Uber, Cabify stop services in Barcelona due to tighter laws


Ride-hailing companies Uber and Cabify said Thursday that they would stop operating in Barcelona after the regional government passed tighter regulations to appease taxi drivers.

Uber said in a statement that the law requiring users of the ride-hailing apps to contract services 15 minutes beforehand was "totally incompatible with the immediacy of on-demand services."

The regional government of Catalonia is imposing the restriction after taxi drivers went on strike for several days in Barcelona. The protest included taxi drivers blocking a major boulevard and trashing cars used by ride-hailing companies.

Cabify said it was disappointed that authorities "gave in to the pressure and demands of the taxi sector."

Cabify, which had been operating in Catalonia since 2017, said that 98.5 percent of its rides were hailed in less than 15 minutes.

Enrique Rosich, 60, is a driver who works for a company that operates under Uber and he fears he will lose his job.

"This is bad news for those of us who work because starting tomorrow the most likely thing is that most of us will have to ask for unemployment benefits," Rosich said.

Cabify estimates that the ride-hailing sector has created over 3,000 jobs in Catalonia.

Taxi drivers, meanwhile, celebrated what they hailed as a victory of a traditional profession threatened by the disruptive forces of the gig economy.

"The new restriction is very light, but it is enough for us if they are off the streets," said 51-year-old taxi driver Guillermo Alonso. "They want to destroy the taxi and take over as a monopoly."

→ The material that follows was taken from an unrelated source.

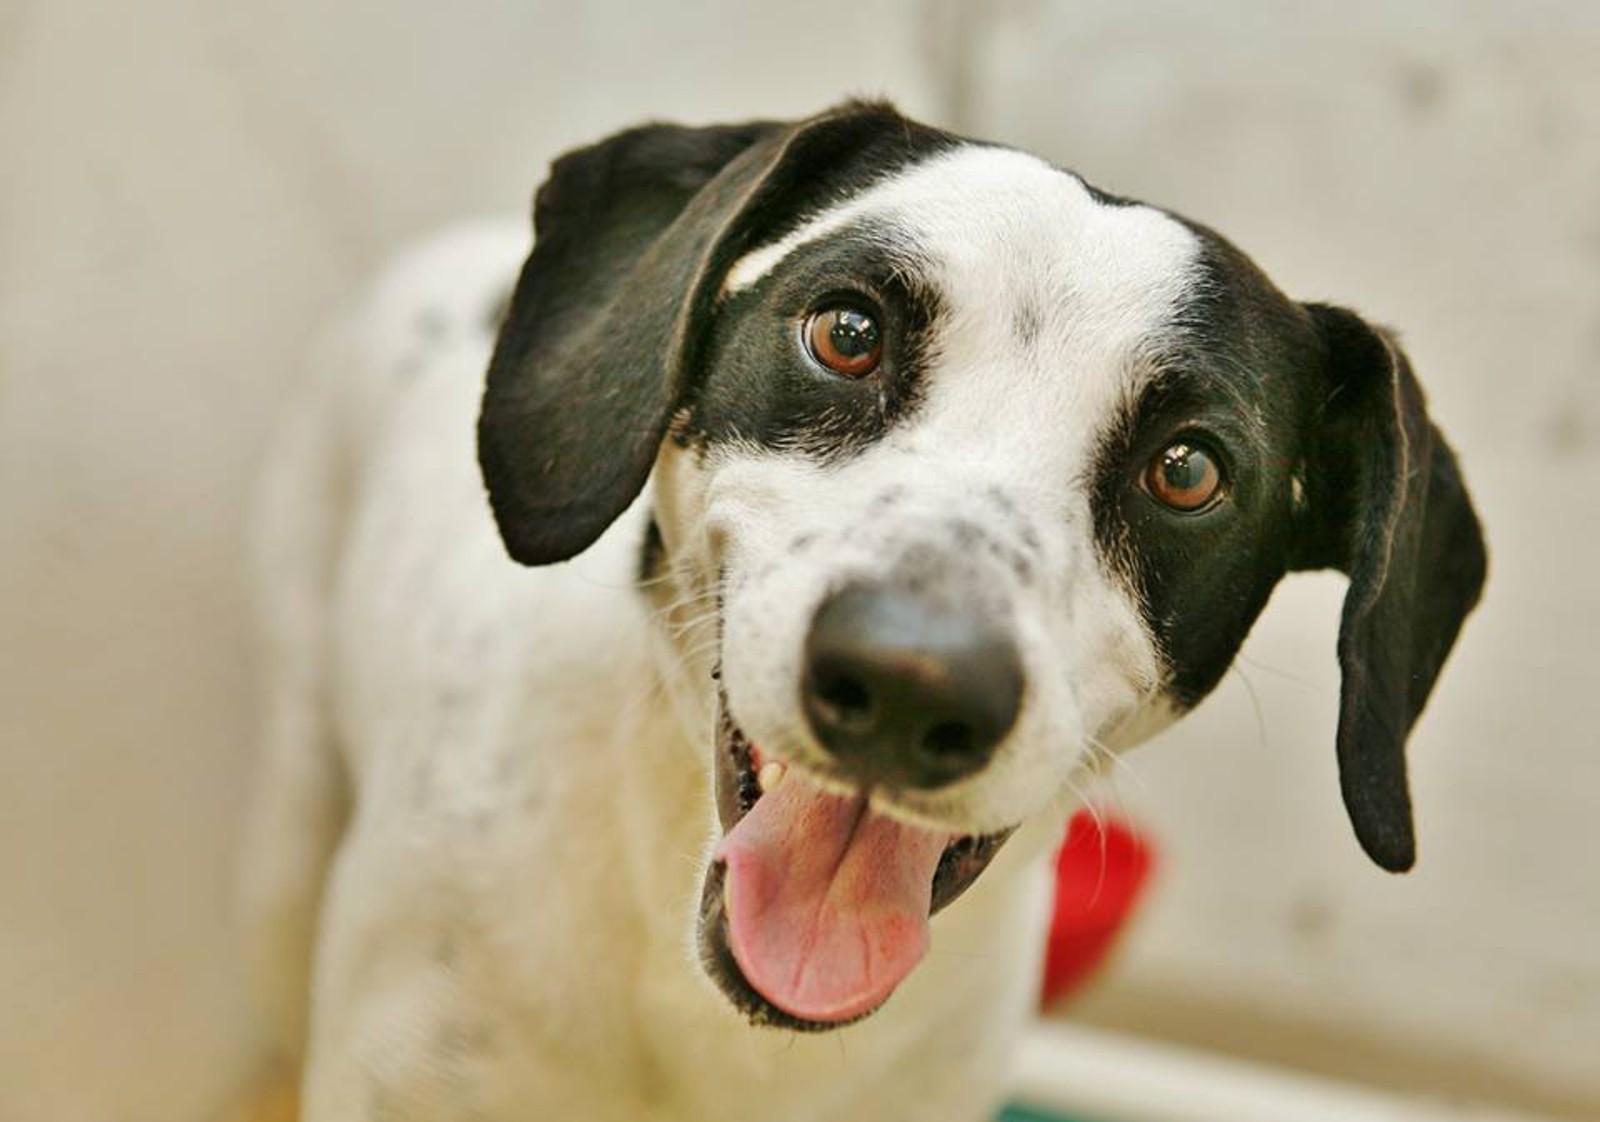 5 Reasons Why Everyone Should Adopt a Pet

Taxi drivers have also been striking for over a week in the capital, Madrid, to demand similar restrictions on ride-hailing services.

This is the second time Uber has pulled out of Barcelona.

Uber's initial service, which linked nonprofessional drivers with riders, was stopped after a court ruling in 2014.

San Francisco-based Uber returned to Madrid in 2016 and then to Barcelona last year with a new model that used drivers who possessed professional licenses.

But ride-hailing companies lost a major case in 2017 when the European Union's top court ruled that they should be regulated as transport companies, not technology companies. That case was brought by the Barcelona-based taxi association Elite Taxi, which has led the recent protests.

Taxi drivers complain that the ride-hailing companies provide the same service but don't have to abide by the same regulations, thus engaging in unfair competition.

Elite Taxi said it would remain "vigilant."

Spanish Public Works Minister Jose Abalos said local administrations need to address the issue because they have the best knowledge of each region.